How much more stressful would this be for someone less able or without transport?" Story shared with Healthwatch England

Shortages of medication is an issue that is not just reported by patients but also by pharmacists themselves.

According to surveys of pharmacy owners and staff undertaken by Community Pharmacy England, an organisation that represents community pharmacists, almost all owners reported being unable to source some medicines for patients. Nearly three-quarters reported longer dispensing times for prescriptions, while nearly nine in ten (87%) of pharmacy team members worried that people's health is being put at risk due to medicine supply issues.

On my most recent prescription my pharmacy couldn't get the type of insulin I had been prescribed.

Story shared with Healthwatch England

Delays to getting repeat prescriptions

In addition to medication shortages, people report delays in getting repeat prescriptions issued. Repeat prescriptions allow people to request a further medicine supply without having to book another GP appointment and form around two-thirds of the prescriptions issued by doctors, pharmacists and dentists.

We've heard that delays in GPs authorising repeat prescription requests and ongoing difficulties in contacting GPs by phone to request a repeat prescription add to delays in getting prescription medication that might be in short supply:

"I am a long time COPD sufferer and have a monthly prescription ordered by the chemist. My GP practice has left me over a week with no inhalers on the hottest week of the year. The pharmacist reordered as urgent and still no inhalers. I have also been without blood pressure meds for 8 days. The pharmacist did an emergency prescription this morning otherwise I would have gone to the hospital." Story shared by Healthwatch Cornwall

Lack of staff or pharmacies closed

We also hear that people cannot get their prescriptions dispensed because no pharmacist is available or because local pharmacies have closed. As a result, people have to travel further to get their medication.

"We are being advised to ask a pharmacist instead of seeing a GP or using A&E or ambulance paramedics. To achieve this there needs to be a good supporting network of pharmacies across the UK. In my local area a good independent pharmacy, which had plenty of customers, closed down during Covid. There was a busy pharmacy nearby in our local supermarket but it closed down just last month.
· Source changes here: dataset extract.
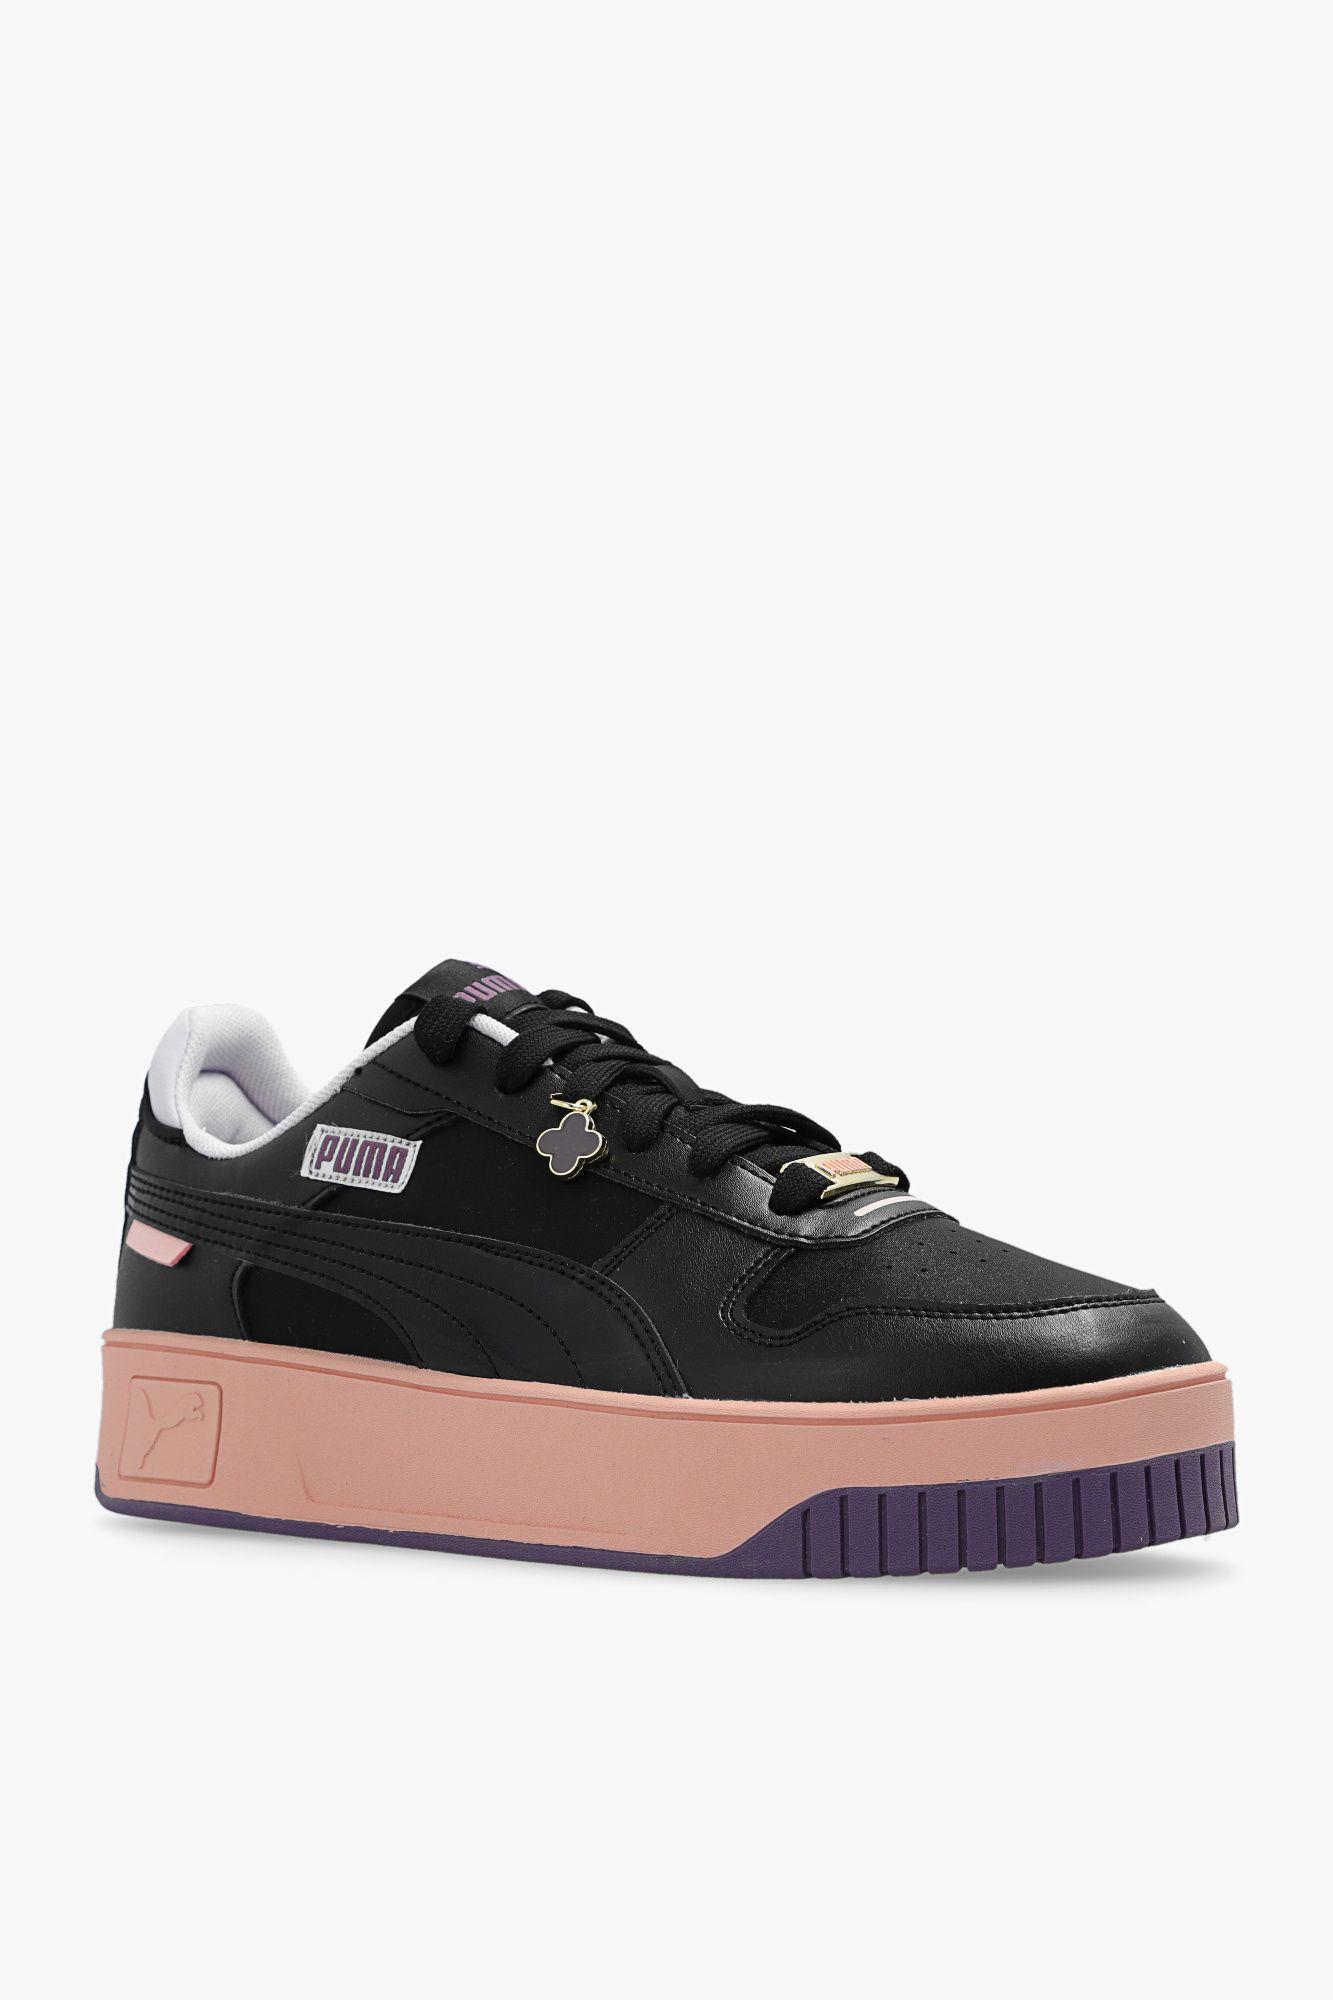 PUMA 'carina Street Charms' Sneakers in Black | Lyst

So now, in an area of mainly elderly people, we have no local pharmacy." Story shared with Healthwatch England

As the last story indicates, the current policy recommends more significant use of pharmacy to help cut demand for GP appointments. The primary care recovery plan includes a role for pharmacists being able to treat some common and straightforward conditions, including prescribing some medication. We will be undertaking further research on pharmacy's role in improving primary care later this year.

However, nothing in the primary care recovery plan tackles issues of shortage of supply of medication. Whilst the NHS long term workforce plan commits to expand training places for pharmacists by 29%, this won't happen until 2028/29. 

At the same time, an NHS survey of pharmacy workforce shows a six per cent decrease in full-time equivalent posts in 2022 compared to 2021 and a 15% decline in the number of employed pharmacists.

What we'd like to see

Action on the workforce

We welcome that the recent NHS Long Term Workforce Plan commits to increasing the recruitment of pharmacists over the coming years. However, action on the workforce is required in the short term to help prevent temporary closures, especially at short notice. We must make the best use of the existing force we have. The workforce plan states that the Government will consult on how pharmacy technicians can work most effectively as part of more comprehensive primary care teams and across the NHS, for example, and we urge this consultation to be taken forward as soon as possible. 

Tackle medicine shortages 

Healthcare leaders should urgently consider how to tackle medicine shortages and set out how they will address them as part of the forthcoming winter planning.